I thought about it for a minute. “Yeah, sure,” I said.
“Let’s walk,” he said.
* * * * *
After our conversation I felt relieved. Almost guilty even. This would be too easy. Still, it was what the client wanted to pay for and who am I to judge? I thought the guy was as nuts as a pair of yodeling monkeys but I liked him.
I rolled into the Oxley Hotel lobby at exactly 7:08 as planned. Punched the elevator button for the 5th floor and settled in for the slow rise. At room 503 I knocked briefly and wasn’t surprised when the door drifted open underneath my knuckles. The client and his brother sat stiffly on the sofa. There was blood on the floor in front of them.
I came in gun drawn and a hideous snarl making a mockery of my face. “Who the hell are you two,” I demanded and knocked the brother’s chin with the business end of my gun.
He responded appropriately and I winked at my client. Seemed we were headed down the right path.
“I’m looking for Jon Jacob Joseph Jones,” I declared and dared them to snicker under the ferocity of my eyes. “You know where I could find him?”
“NO,” my client said and motioned towards the door. His glance back to the blood-stained carpet told me something had gone wrong.
“What do you want him for?” the brother asked.
“Murder?” I hazarded a guess. “His.”
The two brothers exchanged a glance. I walked farther into the darkened room and took up a position by the window. The room was lighted only by the incremental flashes of neon from a sign hanging just outside the hotel window. Red, white, green…red, white, green….the lights flashed their message.

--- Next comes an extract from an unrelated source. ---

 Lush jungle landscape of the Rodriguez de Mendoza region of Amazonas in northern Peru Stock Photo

“Listen you guys,” I started. “I know why you brought me here. Someone has to take the fall. Because there must have been something deep inside you from the very start that let you do this thing, but there’s always been something deep inside me that would never let me do it, – and would never let me be a party to it.”
The brother turned to my client, “Do you have any idea what she is talking about?” he asked.
“Not a clue.”
The neon flashed. We all turned to look out the window. I decided to try again.

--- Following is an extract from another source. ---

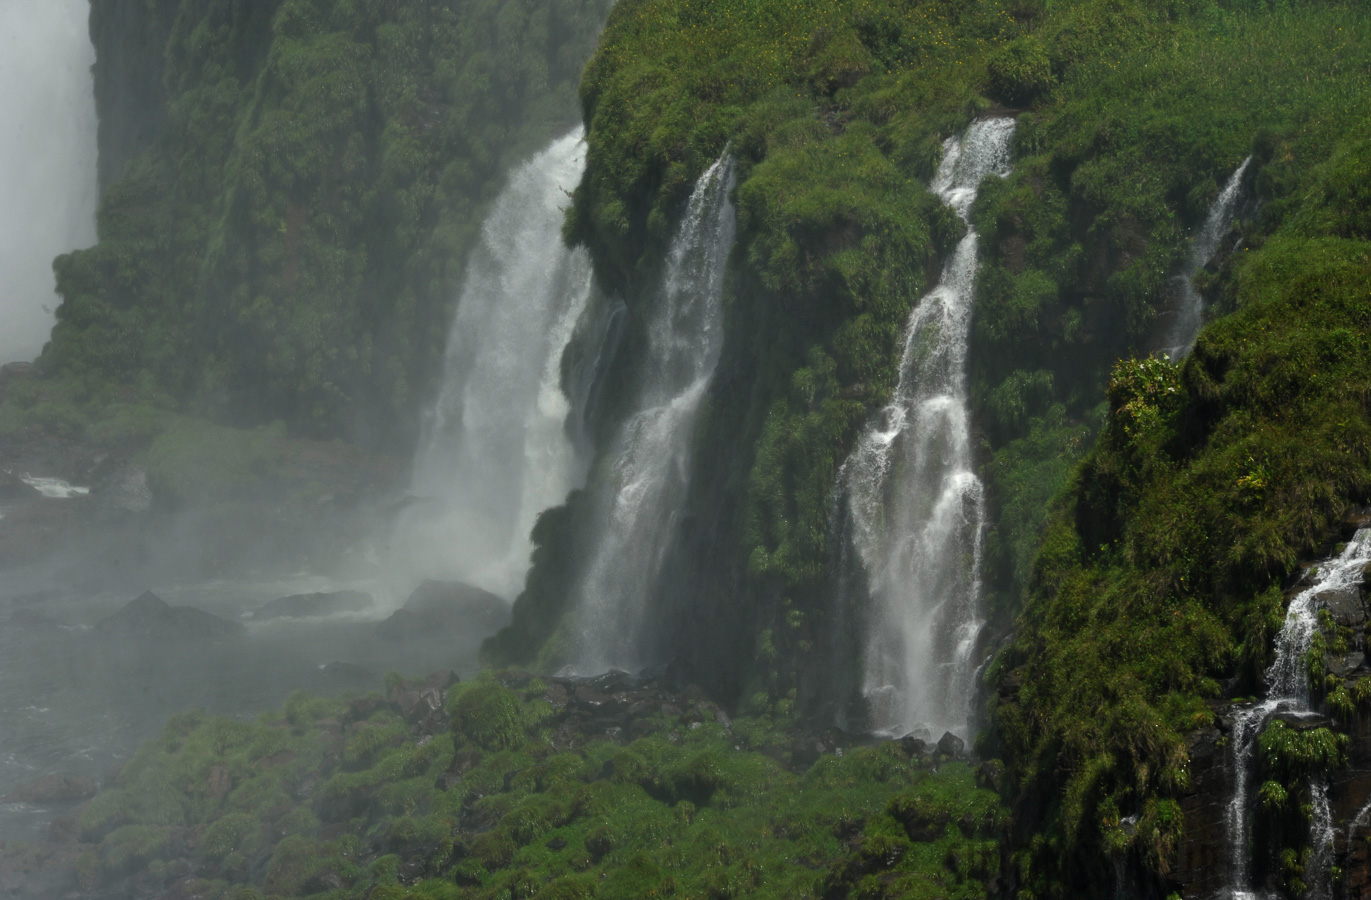 Cataratas del Iguazu [230 mm, 1/250 sec at f / 16, ISO 400]

“Tell me about it,” I snarled.
The brother broke first.
“We never planned it!” his voice was as shaky as a glass of gin on a teetotaler’s tray. “The guy shows up and says he’s in love with my girl. Wants to marry her! Tells me to bow out of the picture.”

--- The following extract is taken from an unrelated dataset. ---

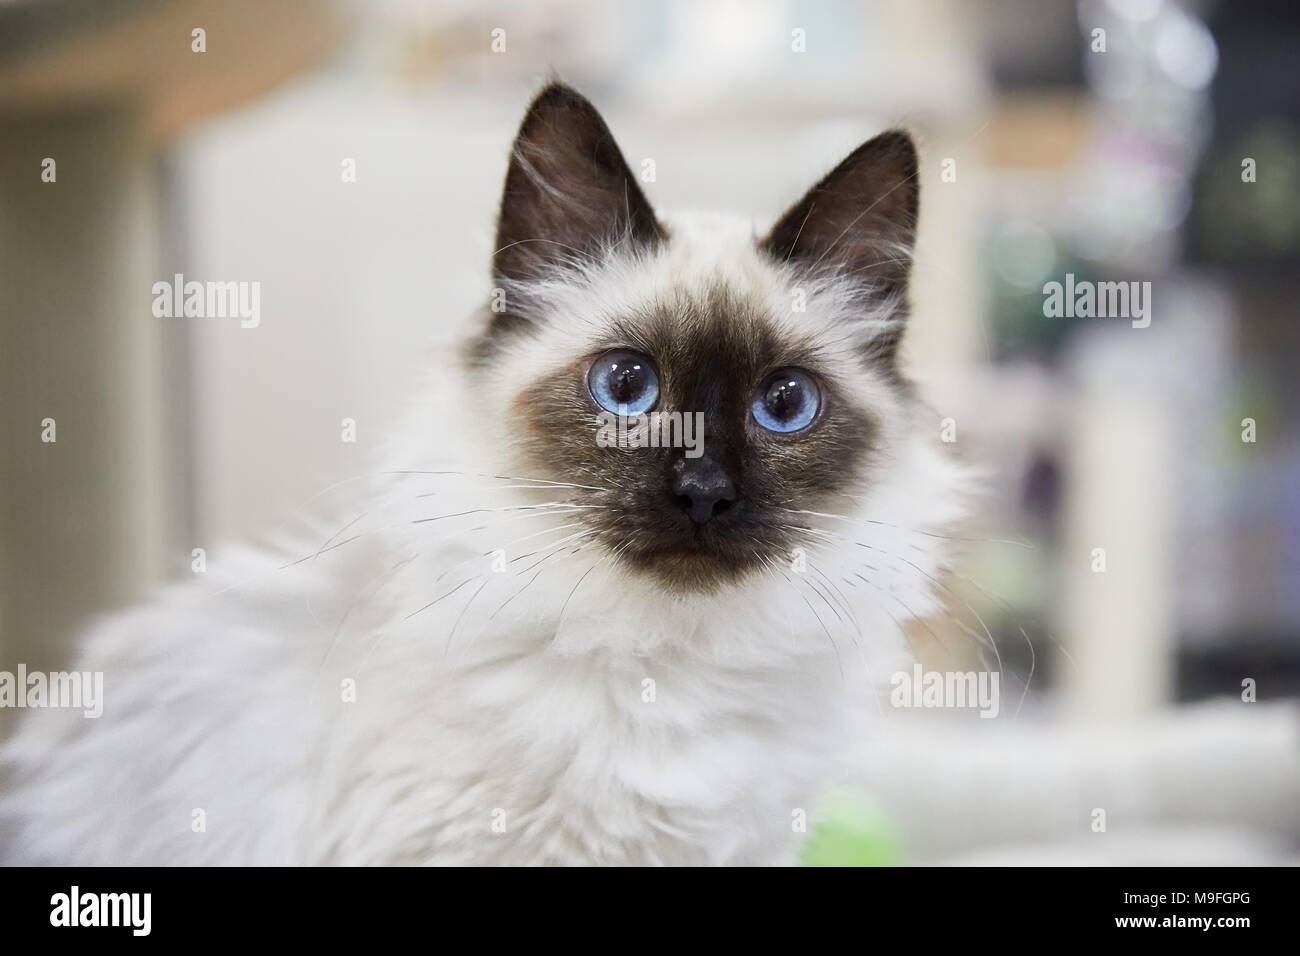 Bastante blancas mullidas gato siamés o punto de estanquidad con ojos azules sentarnos adentro mirando fijamente a la cámara Foto de stock

My client interrupted with a cough. “The guy shows up half an hour early and brings a gun with him,” he says. He gives me a look.
“What do you mean early?” the brother asked. I cut him off.
“So what did you tell the swell? You bow out on your girl?”
“Hell, no! I told him to get lost, that I loved her and if anybody was marrying her it wasn’t going to be him!”
I looked at my client and nodded. “So he bought it,” I said.
“Yeah but, then the guy pulled a gun. We didn’t talk about guns so I told him to put it away.” The client wiped a hand over his face which was sweating like a pig on safari.
“So I jumped him,” the brother said. “Tried to get it away from him.”
“Then I jumped both of them – I didn’t plan for anyone to get hurt,” my client said. “The gun went off – damn fool had even loaded it! He went down, dropped dead on that spot,” he said pointing to the bloodstain.
“Where is he now?” I asked
“Closet.”
I opened the closet door and peeked in. He was lying in a fetal position, still clutching the gun with both hands. Dead as a door nail, all right.
I looked back at the brothers. They were arguing in whispers. I guessed the jig was up.
“Either one of you touch the gun?” I asked.
“No – I had him in a stranglehold and genius here tackled both of us.”
“So now what?” my client asked.
“Now we leave.”
“That’s it?”
“That’s it. It was an accident – no need to be part of it, that just gets messy.”
I started for the hallway. “Leave separately. Unseen by management – don’t walk out through the lobby. And for Christ’s sake don’t tell anybody about this!”
At the door I paused.
“One more piece of advice, gents. Don’t meddle with romance – it never works out.” I looked at the brother. “And if you really love her – marry the dame.”
The stairwell was right around the corner. The window on the landing looked out over the neon sign. Red, white, green.
I wondered if I would still get paid.